Once the line holding "Barra: cambio de puntos básicos este añodfd" appears, repeat it and each line after it to the end of the data, exactly and with nothing else; pictures stay out.

» **DATA PROVIDED**
§ §
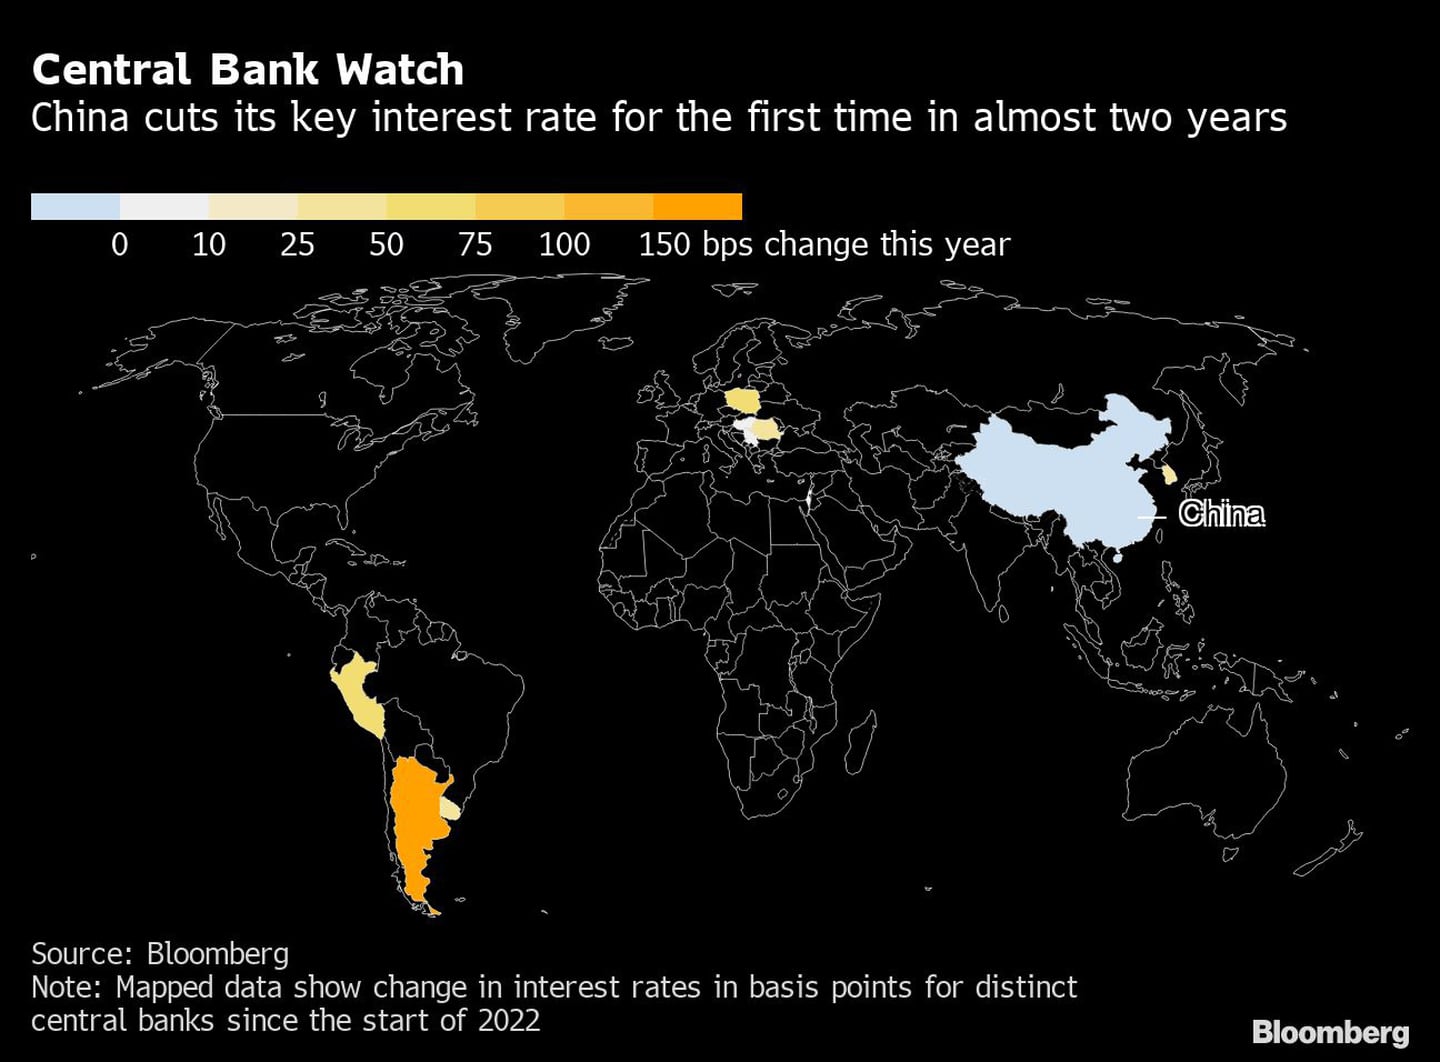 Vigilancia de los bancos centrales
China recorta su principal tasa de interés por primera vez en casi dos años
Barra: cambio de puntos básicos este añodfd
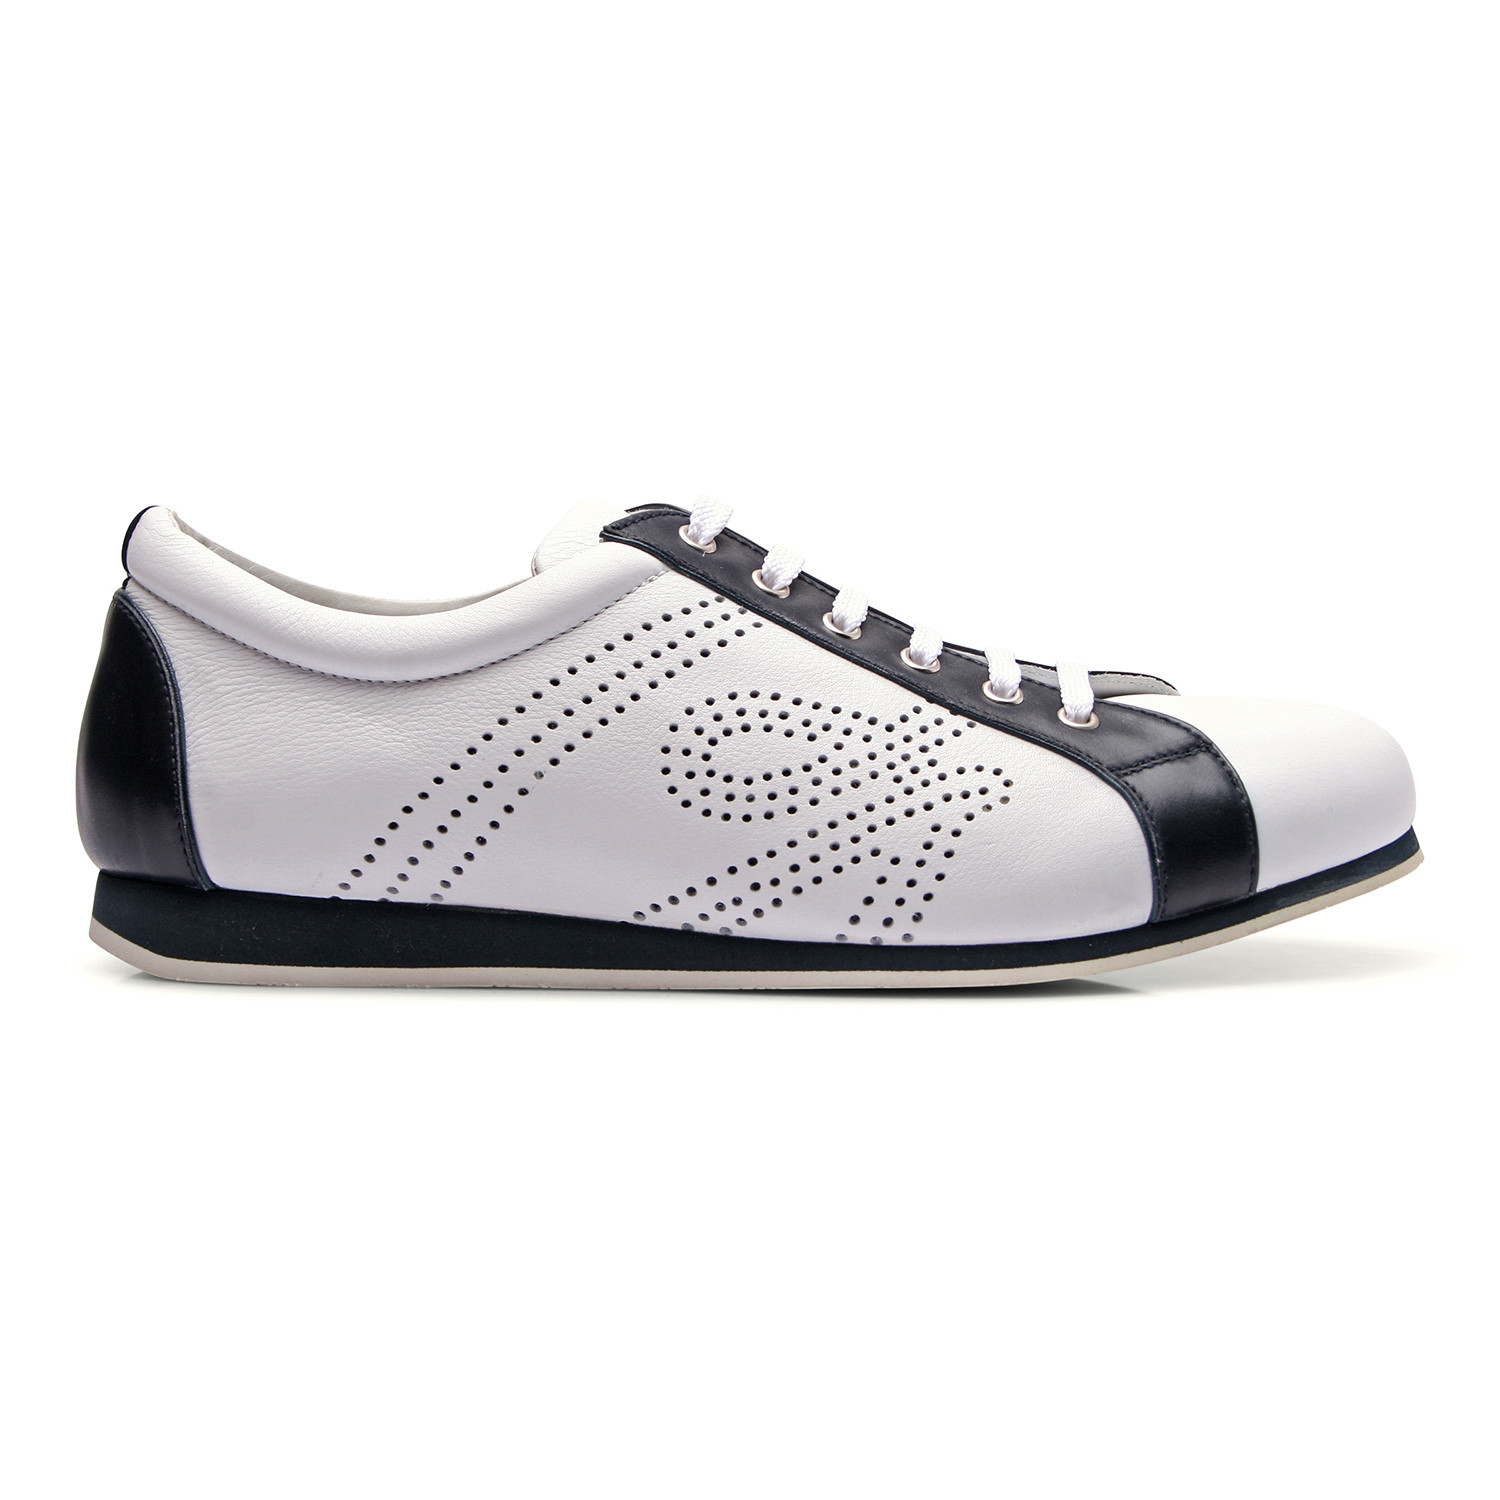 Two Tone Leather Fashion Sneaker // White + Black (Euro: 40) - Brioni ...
§ §
» **RESULT FOR THIS EXERCISE**
Barra: cambio de puntos básicos este añodfd
 Two Tone Leather Fashion Sneaker // White + Black (Euro: 40) - Brioni ...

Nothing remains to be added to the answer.